[Dataset extract]

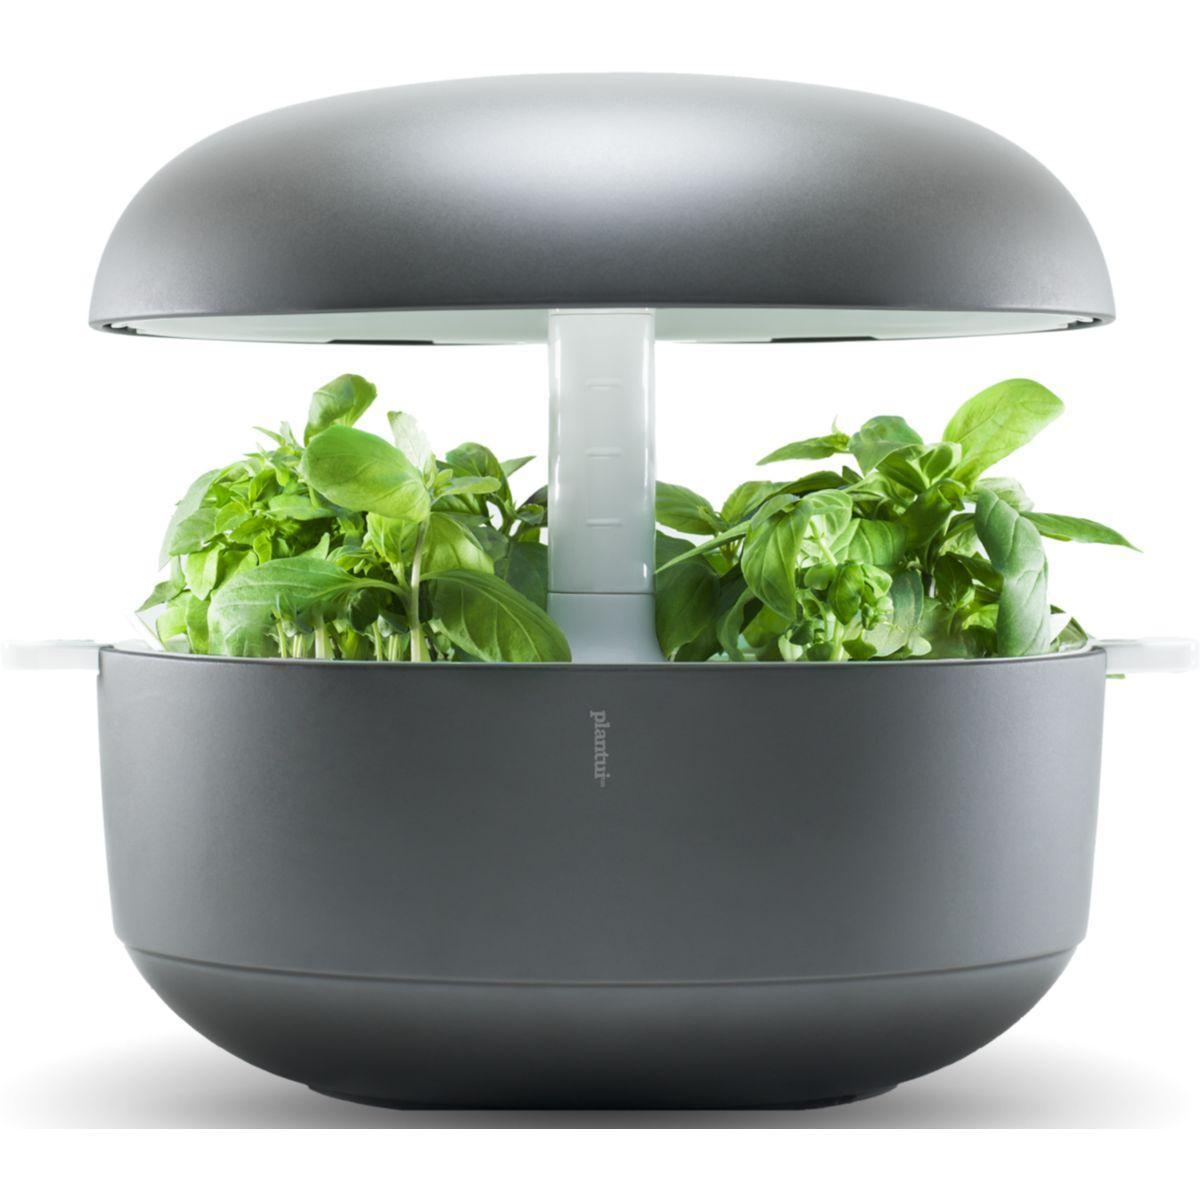 Jardin d'int�rieur plantui 6 smart garden gris - 15% de remise imm�diate avec le code : priv15 (photo)
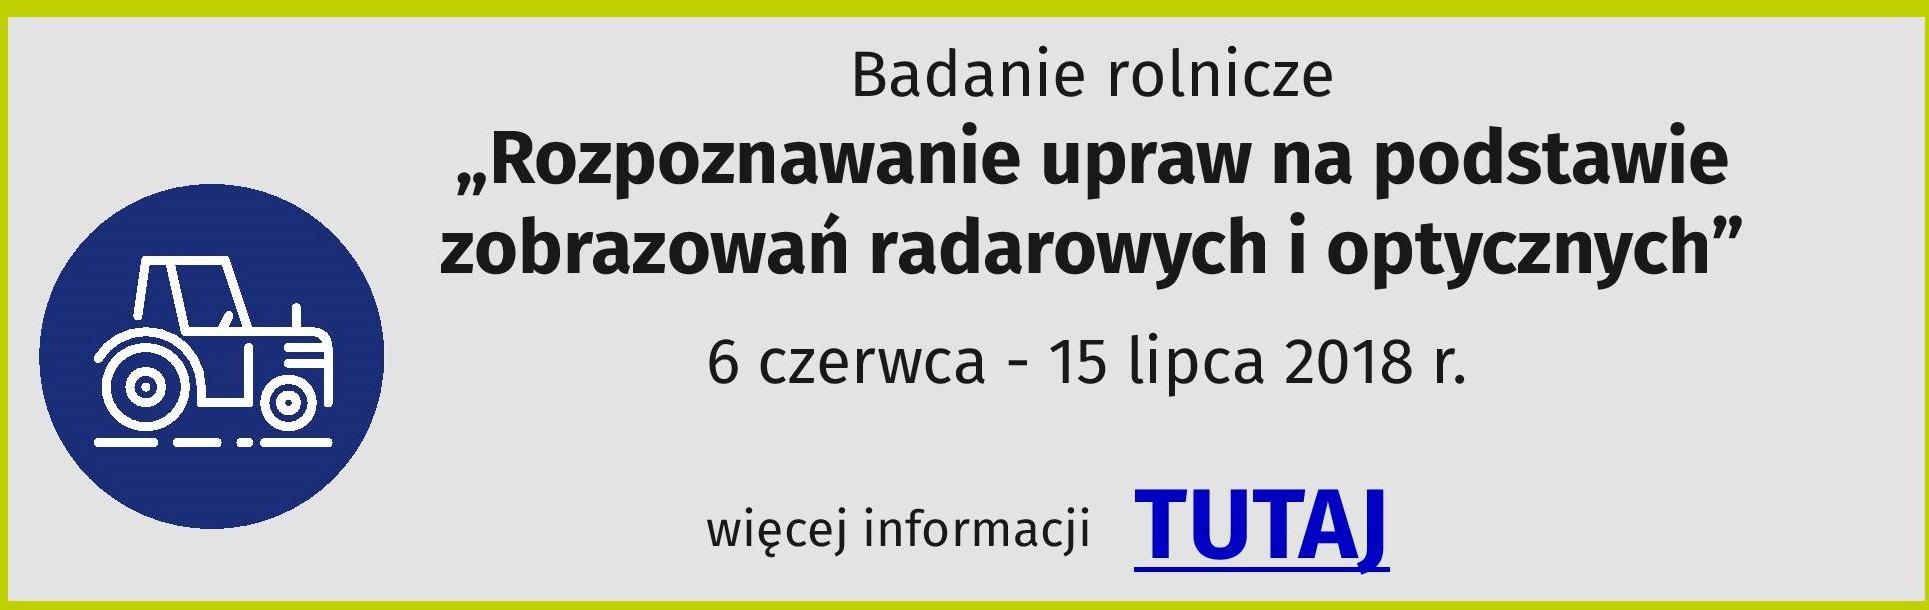 Badania statystyczne zzakresu rolnictwa wczerwcu ilipcu 2018 r.
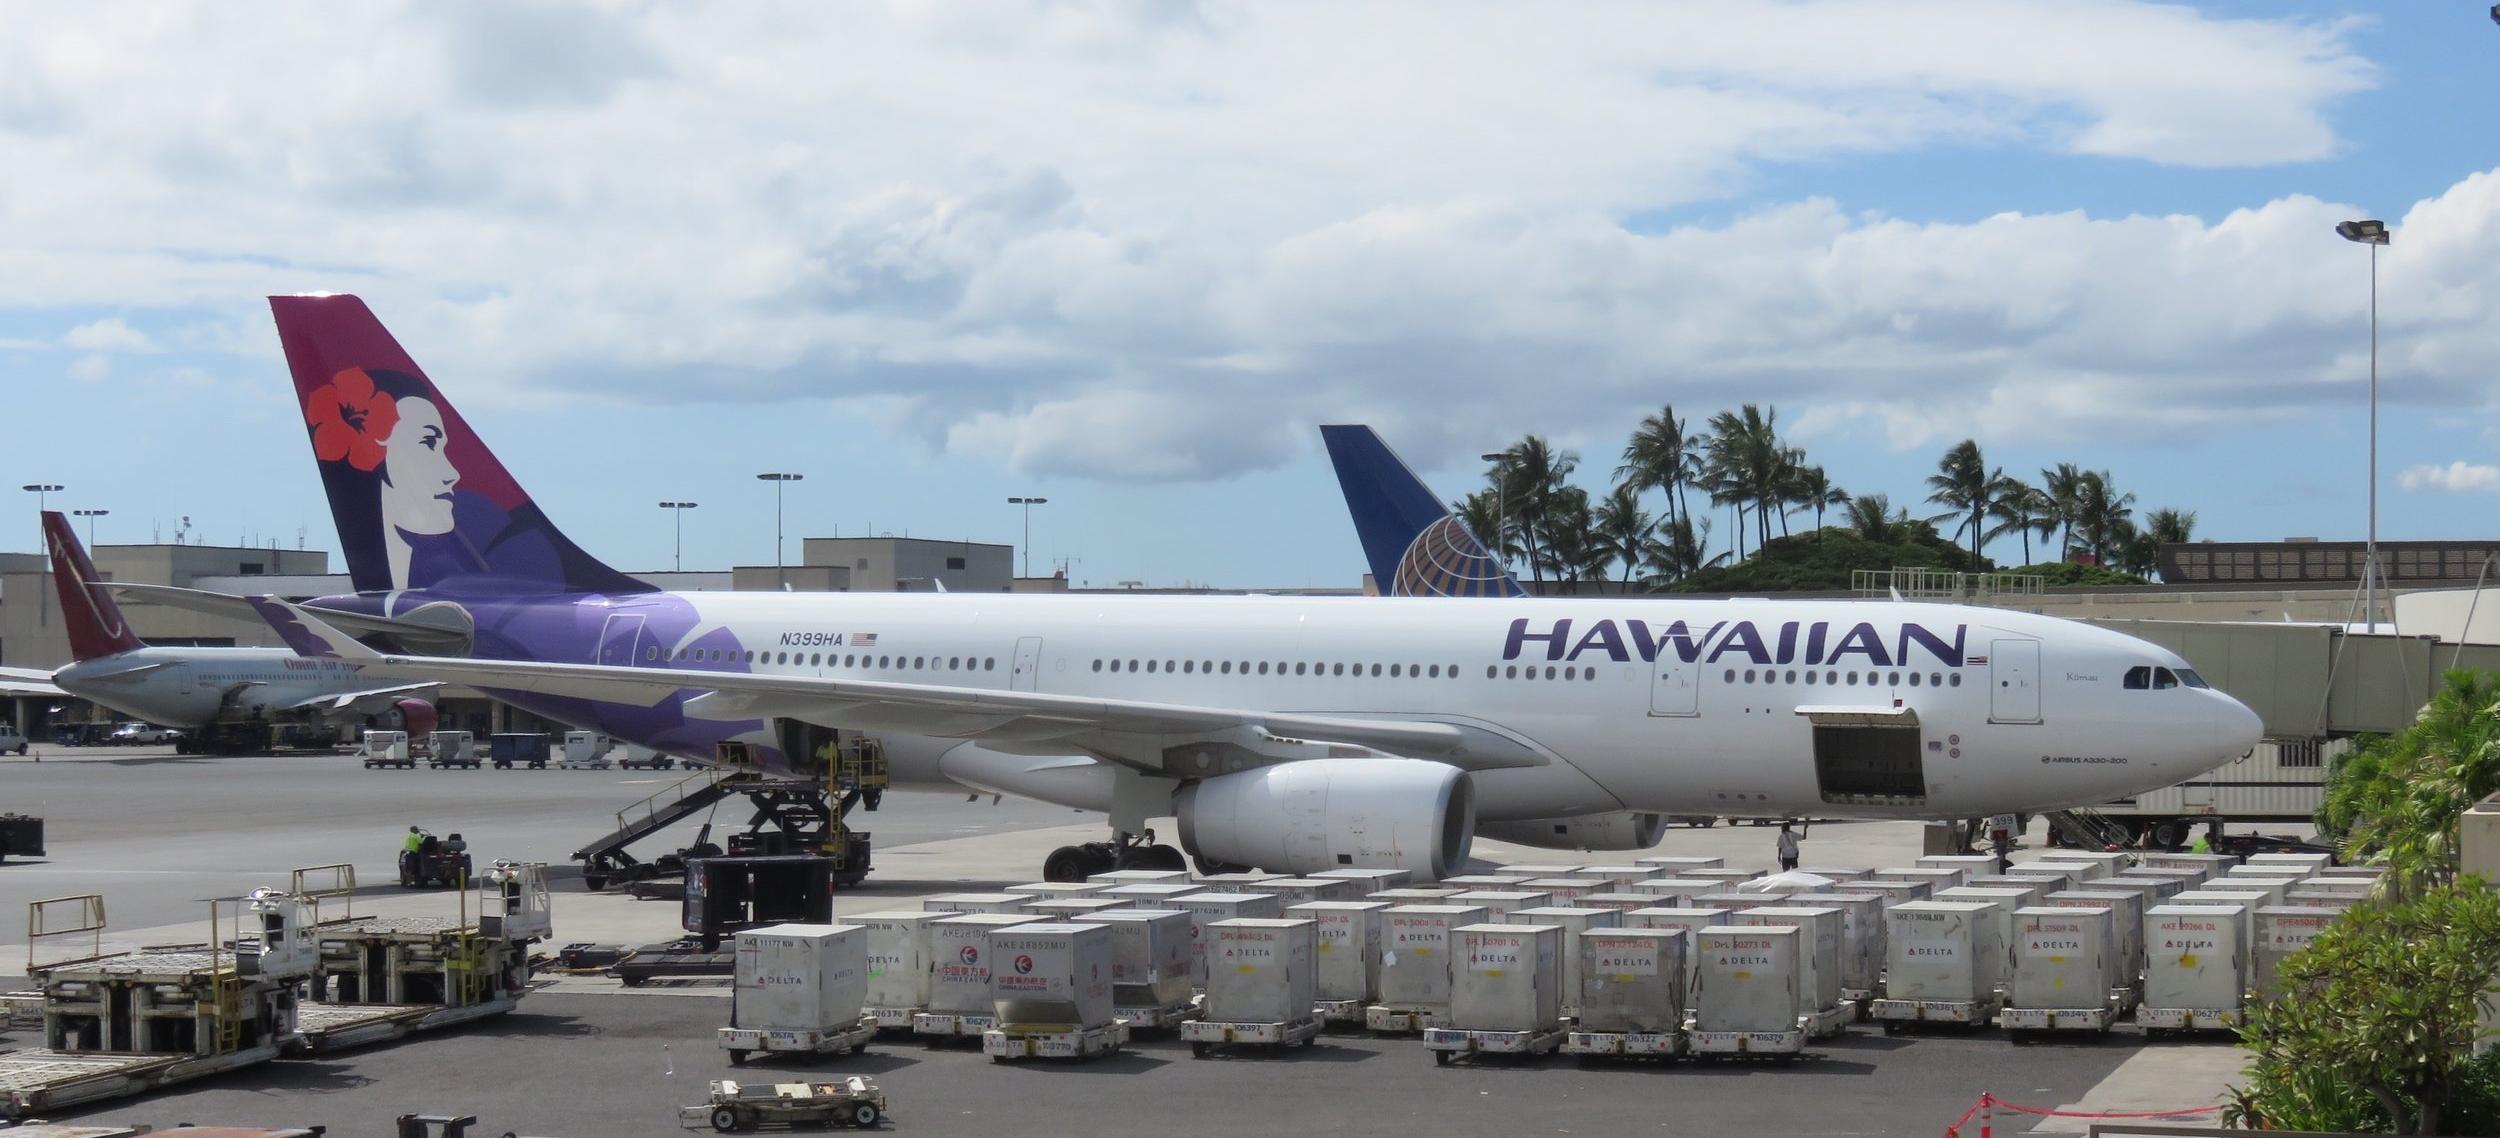 Hawaiian Air A330 at Honolulu

[/Dataset extract]

What is being asked: Copy every line above word for word and exclude the pictures.

Result of this task:
 Jardin d'int�rieur plantui 6 smart garden gris - 15% de remise imm�diate avec le code : priv15 (photo)
 Badania statystyczne zzakresu rolnictwa wczerwcu ilipcu 2018 r.
 Hawaiian Air A330 at Honolulu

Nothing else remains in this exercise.